# Convolutional Autoencoder

Reflections:
In the following code, I will attempt to do some basic analysis using the auto-encoder's encoding layers, so as to measure some form of similarity of different images.

In [1]:
%matplotlib inline

import numpy as np
import tensorflow as tf
import matplotlib.pyplot as plt

In [2]:
inputs_ = tf.placeholder(tf.float32, (None, 224, 224, 3), name='inputs')
targets_ = tf.placeholder(tf.float32, (None, 224, 224, 3), name='targets')

In [3]:
xavier_wts = tf.contrib.layers.xavier_initializer()
alpha = 0.5

In [4]:
def getEncoder(images, is_training = True, reuse=False):
    ### Encoder  
    with tf.variable_scope("encoder",reuse=reuse):

        # input: 224 * 224 * num_channels    
        x = tf.layers.conv2d(inputs=inputs_, filters=32, kernel_size=5, strides=2, activation=None, padding='same', kernel_initializer=xavier_wts, use_bias=False)
        x = tf.layers.batch_normalization(inputs=x, training=is_training)
        x = tf.maximum(alpha * x, x)

        #print(x.shape.as_list())

        # input: 112 * 112 * _   
        x = tf.layers.conv2d(inputs=x, filters=64, kernel_size=5, strides=2, activation=None, padding='same', kernel_initializer=xavier_wts, use_bias=False)
        x = tf.layers.batch_normalization(inputs=x, training=is_training)
        x = tf.maximum(alpha * x, x)
        #print(x.shape.as_list())

        # input: 56 * 56 * _
        x = tf.layers.conv2d(inputs=x, filters=128, kernel_size=5, strides=2, activation=None, padding='same', kernel_initializer=xavier_wts, use_bias=False)
        x = tf.layers.batch_normalization(inputs=x, training=is_training)
        x = tf.maximum(alpha * x, x)
        #print(x.shape.as_list())

        # input: 28 * 28 * _
        x = tf.layers.conv2d(inputs=x, filters=256, kernel_size=5, strides=2, activation=None, padding='same', kernel_initializer=xavier_wts, use_bias=False)
        x = tf.layers.batch_normalization(inputs=x, training=is_training)
        x = tf.maximum(alpha * x, x)
        #print(x.shape.as_list())

        # input: 14 * 14 * _
        x = tf.layers.conv2d(inputs=x, filters=512, kernel_size=5, strides=2, activation=None, padding='same', kernel_initializer=xavier_wts, use_bias=False)
        x = tf.layers.batch_normalization(inputs=x, training=is_training)
        x = tf.maximum(alpha * x, x)
        #print(x.shape.as_list())

        # Output: 7 * 7 * _
        return x

In [5]:
enc_output = getEncoder(inputs_)

In [6]:
print(enc_output.shape)

(?, 7, 7, 512)


In [7]:
def getDecoder(encoder_input, is_training=True, reuse=False):
    with tf.variable_scope("decoder", reuse=reuse):
        
        # input: 7 * 7 * _
        x1 = tf.image.resize_nearest_neighbor(encoder_input, (14, 14))
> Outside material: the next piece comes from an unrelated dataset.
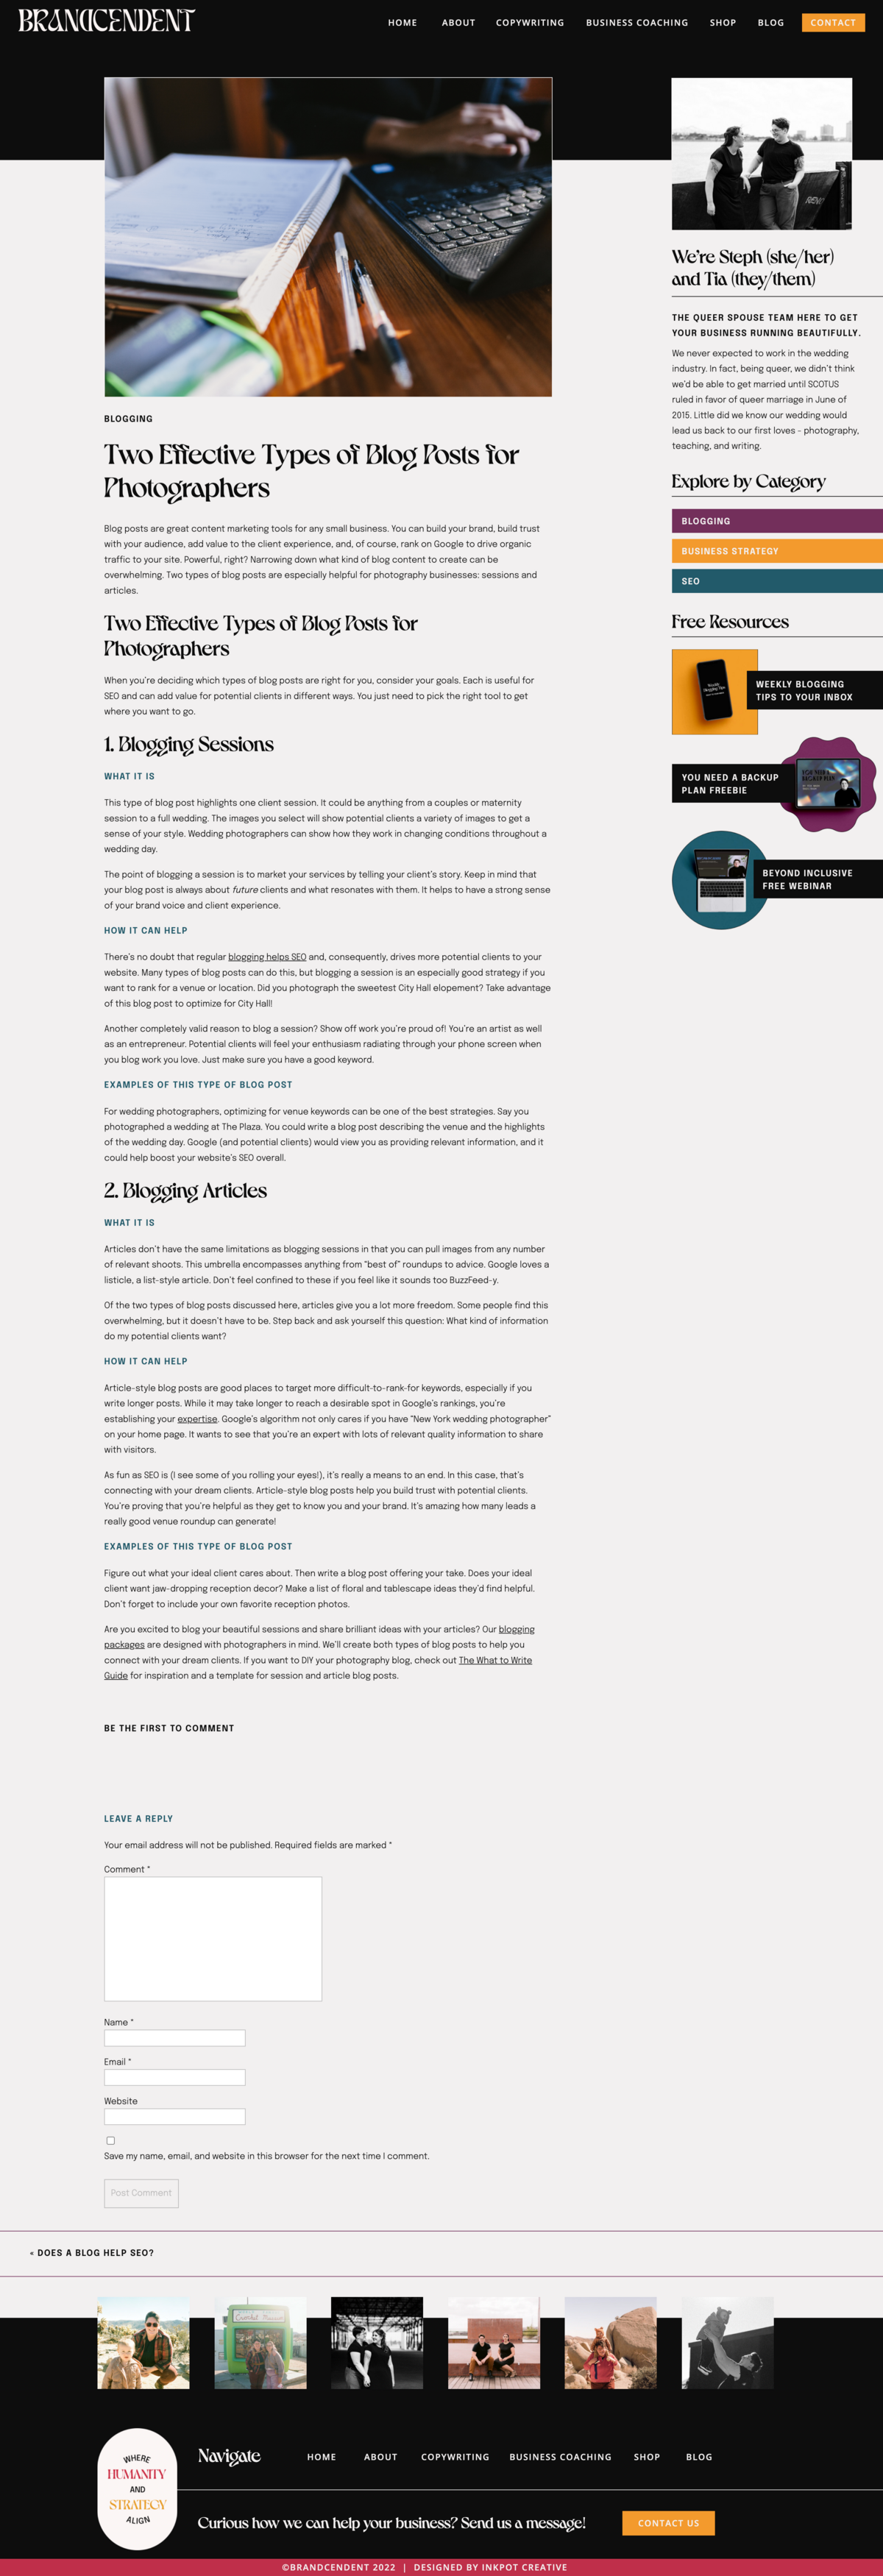 screenshot of full individual blog post page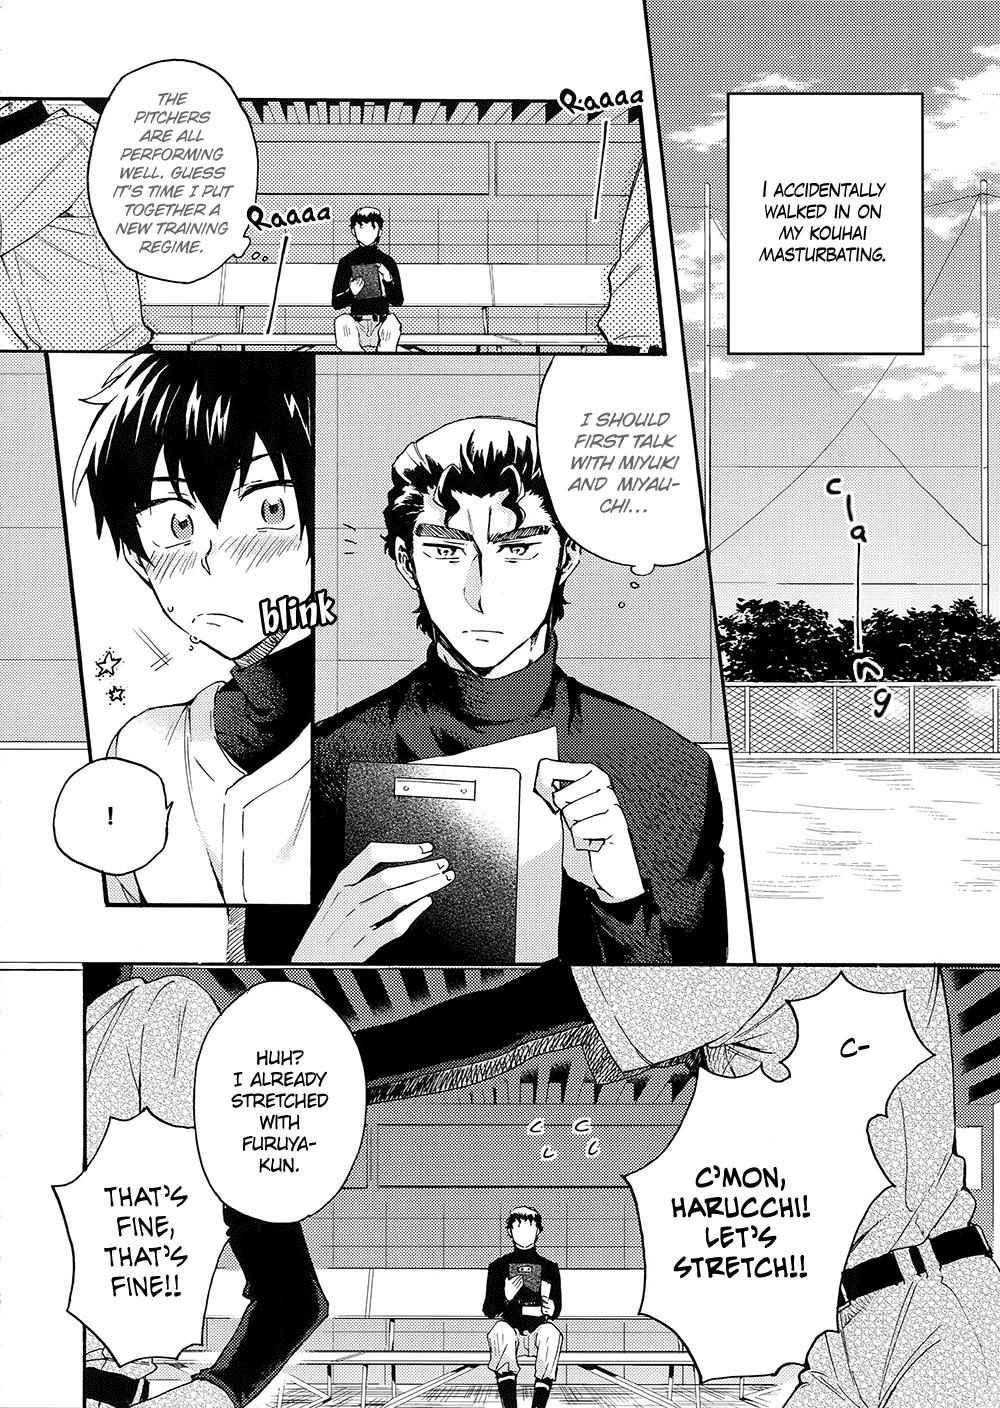 Guy Stop!! Sawamura-kun! - Daiya no ace | ace of diamond Morena - Page 5

        x2 = tf.layers.conv2d(inputs=x1, filters=256, activation=None, kernel_size=5, strides=1, padding='same', kernel_initializer=xavier_wts, use_bias=False)
        x2 = tf.layers.batch_normalization(inputs=x2, training=is_training)
        x2 = tf.maximum(alpha * x2, x2)

        # input: 14 * 14 * _ 
        x3 = tf.image.resize_nearest_neighbor(x2, (28, 28))
        x3 = tf.layers.conv2d(inputs=x3, filters=128, activation=None, kernel_size=5, strides=1, padding='same', kernel_initializer=xavier_wts, use_bias=False)
        x3 = tf.layers.batch_normalization(inputs=x3, training=is_training)
        x3 = tf.maximum(alpha * x3, x3)        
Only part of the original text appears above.